SOH CAH TOA comes from abbreviating Sin, Cos, Tan, Opposite, Adjacent and Hypotenuse; then arranging them like so: $\text{SOH}\Rightarrow\sin(\theta)=\frac{\text{opposite}}{\text{hypotenuse}}$ SOH CAH TOA helps in remembering these relations because the first letter is the trig function, equal to the second letter divided by the third. Each triplet is the same.

## When to use SOH CAH TOA

You would use these three equations in one of two situations involving right angled triangles:
- To find an angle given two side lengths.
- To find one side length given another length and one of the acute angles.

## SOH, CAH or TOA? Which to use

The trick is to look at the information you've been given or asked to find, there will always be (at least) three things. Look at where the angle is you've been given or asked to find and label the opposite and adjacent sides relative to it. Which sides do you want to use? If it's the Opposite and Hypotenuse then you want to use SOH.

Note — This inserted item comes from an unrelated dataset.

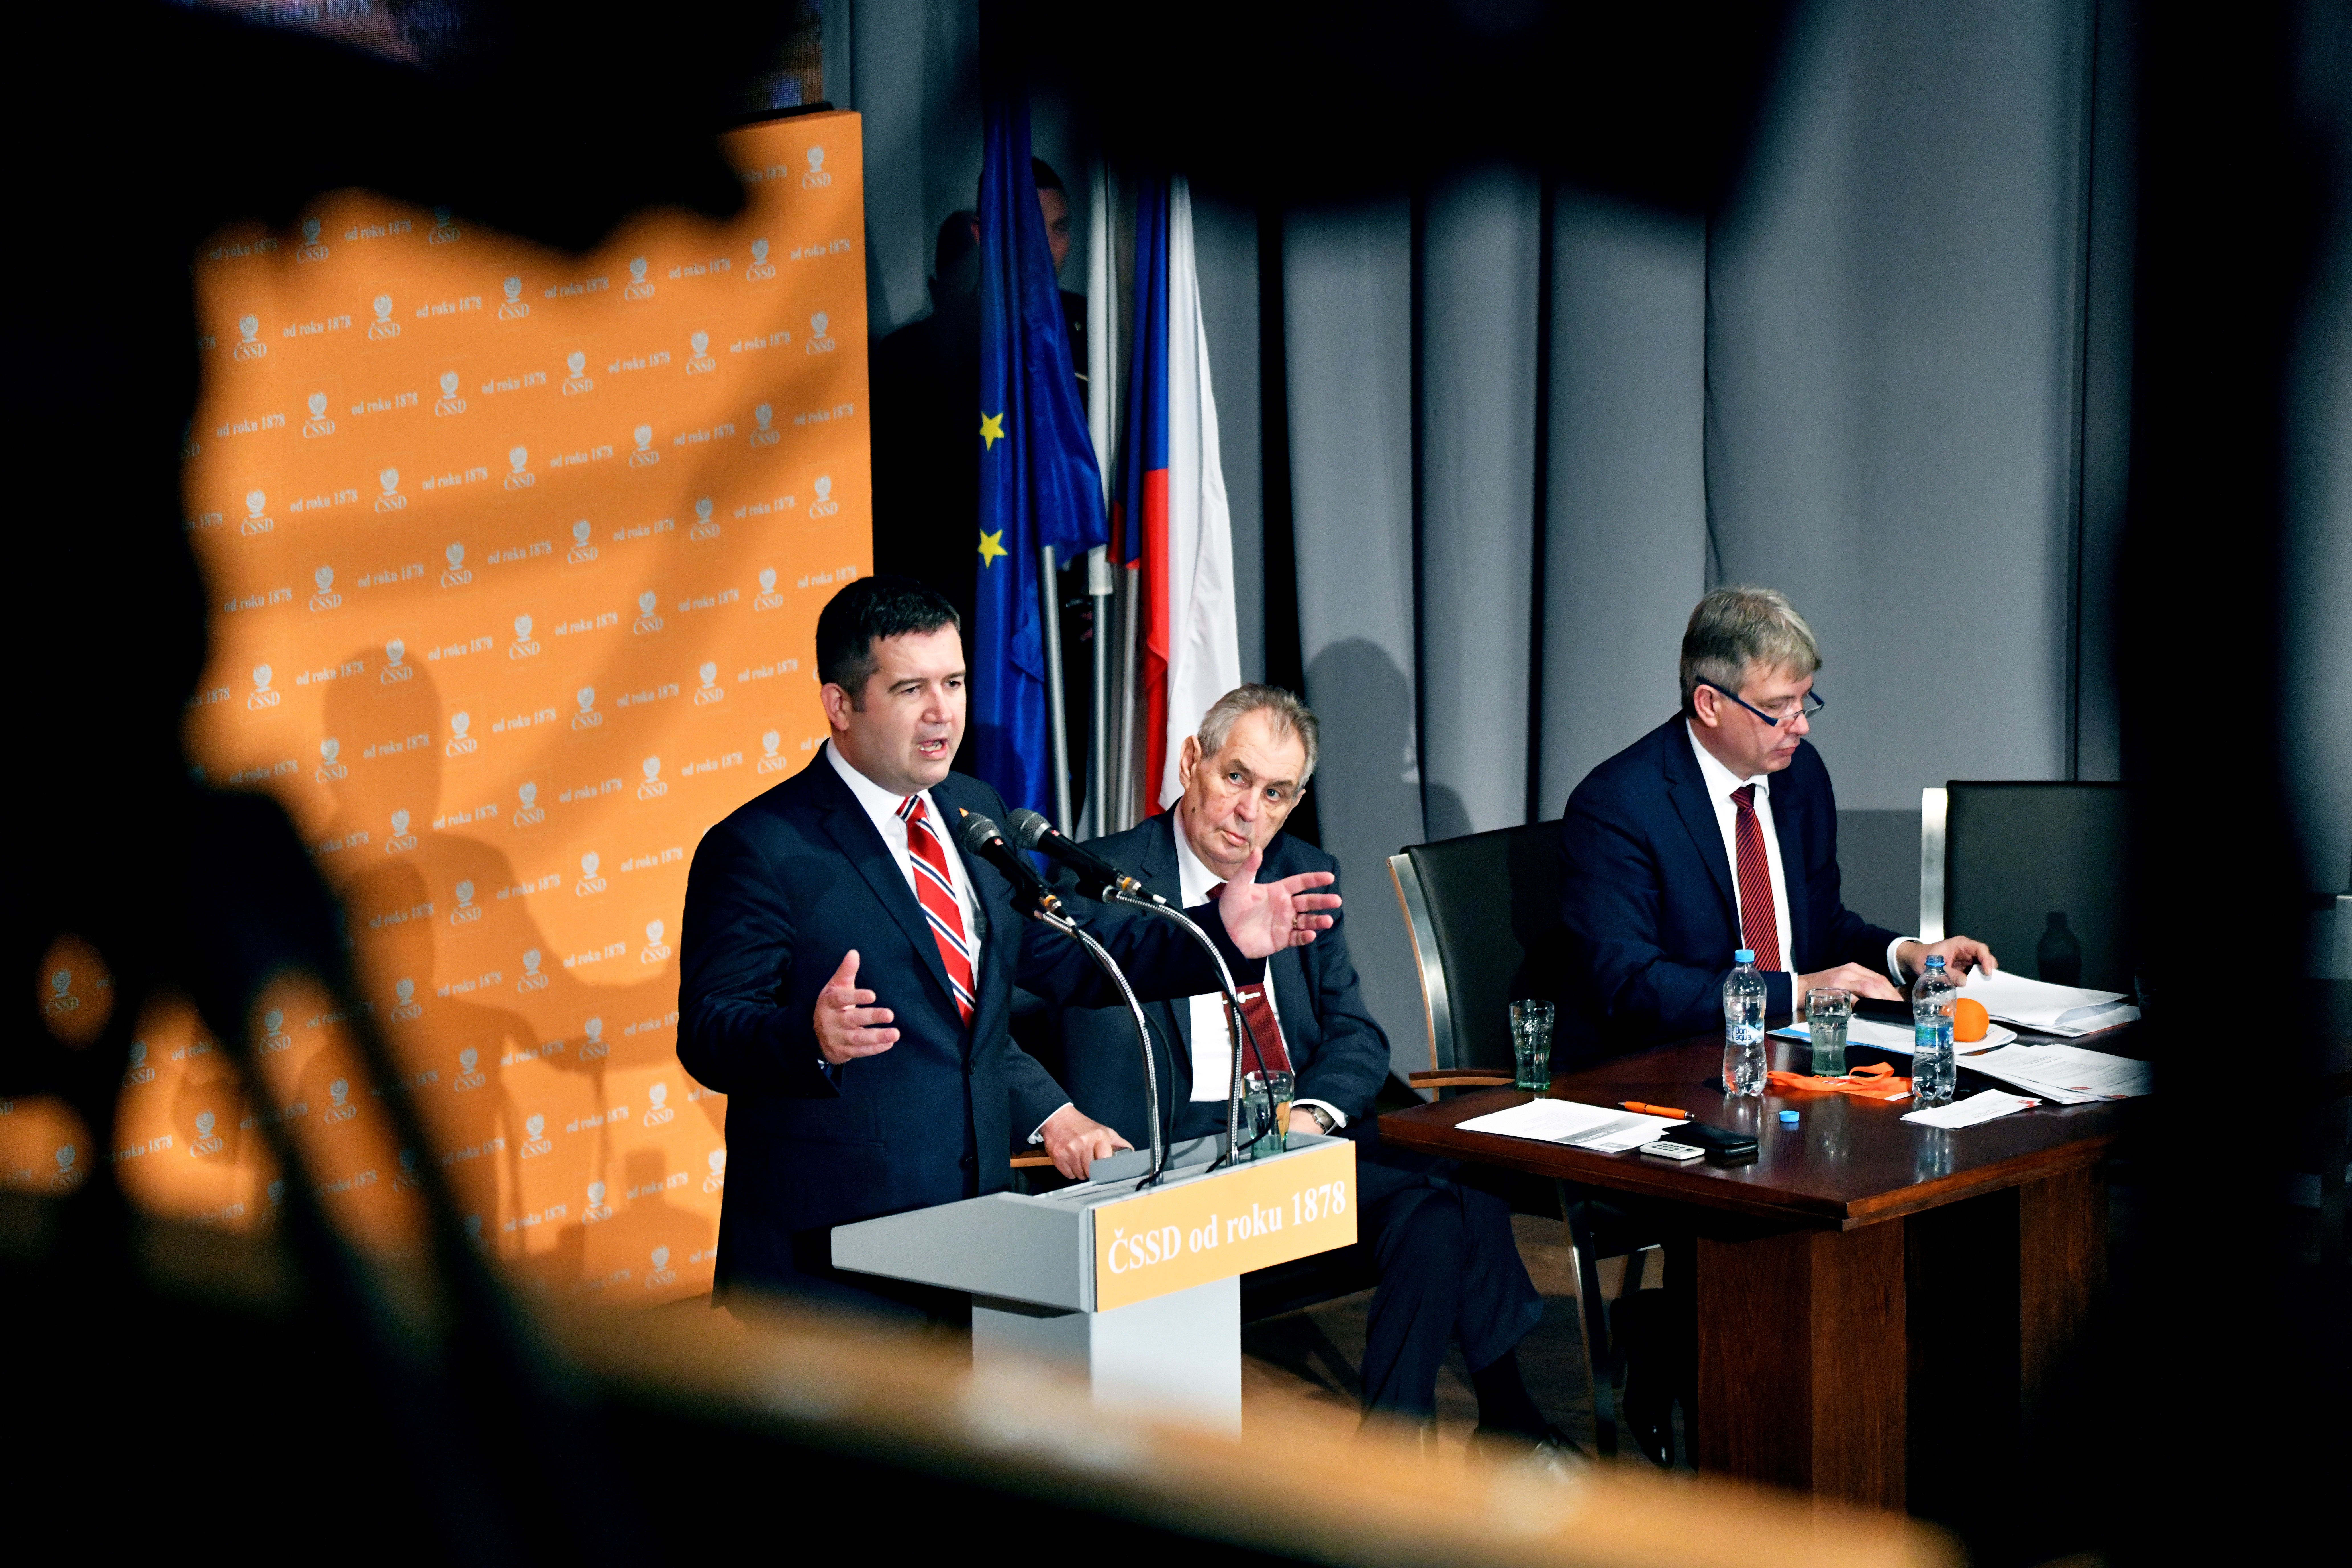 Projevu staronového předsedy ČSSD Jana Hamáčka o stavu strany v úvodu sjezdu přihlížel i prezident Miloš Zeman

## Example 1: finding $$\theta$$

\begin{align} \tan(\theta)&=\frac{\text{opposite}}{\text{adjacent}} \\[8pt] \tan(\theta)&=\frac{5}{15} \\[8pt] \tan(\theta)&=\frac{1}{3} \\[8pt] \theta&=\tan^{-1}\left(\frac{1}{3}\right) \\[8pt] \theta&=19.471^o \hspace{14pt}\text{[3 d.p.]} \end{align}

## Example 2: finding side length

\begin{align} \sin(\theta)&=\frac{\text{opposite}}{\text{hypotenuse}} \\[8pt] \sin(30)&=\frac{x}{4} \\[8pt] \frac{1}{2}&=\frac{x}{4} \\[10pt] 2&=x \end{align}